I was already a big fan of Armstrong and Aldrin at that point. I devoured every scrap of space-related media that I could lay my hands on, had books full of my drawings of rockets and spacemen, and I wanted to be an astronaut myself regardless of the lack of any sort of Malaysian space program. So Tang wasn't such a big surprise.
This was, however, pre-globalization Malaysia. It wasn't easy to find such luxuries as Tang, Nutella, or any Western luxury food item but somehow my mother came back in the space of an hour with a jar of Tang clutched in her hands. To this day, I still have no idea where she got it or how much it cost her.
My mom mixed up some of that magical orange goodness and cradled my head as I drank the whole glass down. Miracle of miracles, I was able to keep the stuff down - there was no way I was going to waste a drop of that rarest of treats. The repeated application of rehydrated orange juice "which the astronauts drink!" soon infused my body with the calories it needed to fight the virus which was ravaging my system and I eventually made a full recovery.
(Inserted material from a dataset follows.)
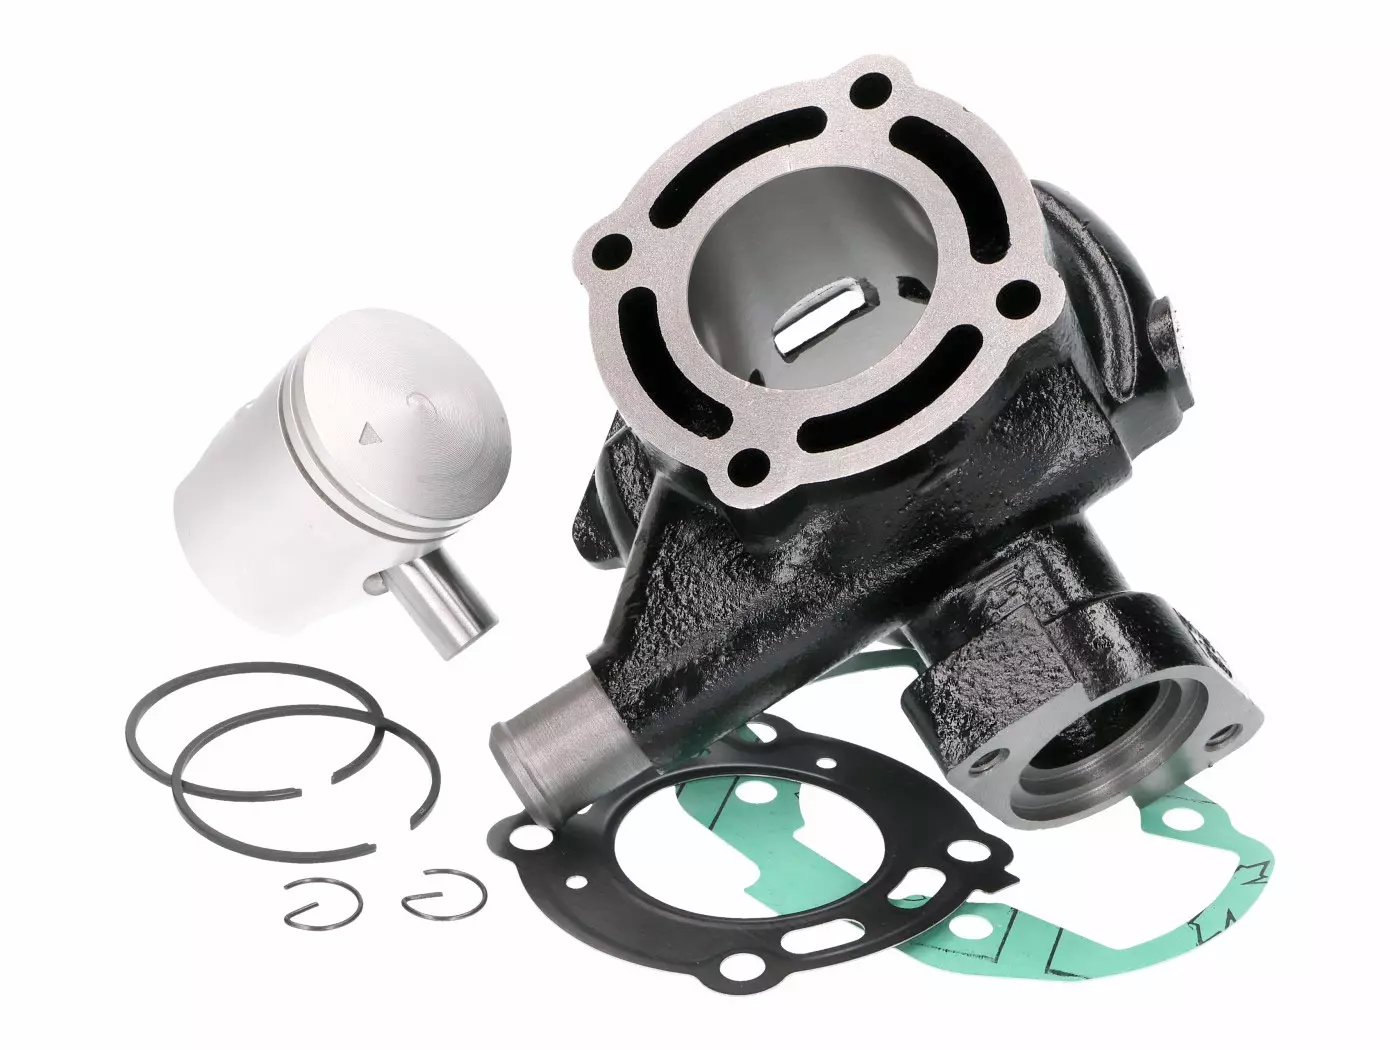 Cylinder Kit 50cc For Peugeot Speedfight 3/4 LC, Jet Force C-Tech 2013

So had it not been for JFK and his vision of putting men on the moon, there never would have been a Tang for that adolescent version of myself to dream of and to hold so jealously in his stomach. And without that Tang I wouldn't be here today, making snarky comments on this 10-year old website on the 40th anniversary of the Moon Landing.
So thank you, JFK. Thank you Mr. Armstrong and Mr. Aldrin. Thank you for firing up the imagination of a young Malaysian boy with visions of space and rockets and the moon. And now I think I'm going to go to my kitchen and make myself some space orange juice.
"Which the astronauts drink!"
posted by ooga_booga at 1:35 AM on July 22, 2009 [8 favorites]
Everyone knows that was faked to cover up Chappaquiddick, right?
posted by msergott at 4:07 PM on July 22, 2009
posted by msergott at 4:07 PM on July 22, 2009
ooga_booga, my post-work beer notwithstanding, you just made me cry. My wife has been diabetic since she was a toddler so I have some grasp of the amazing and desperate creativity available to mothers in a tight corner. Glad to have you here.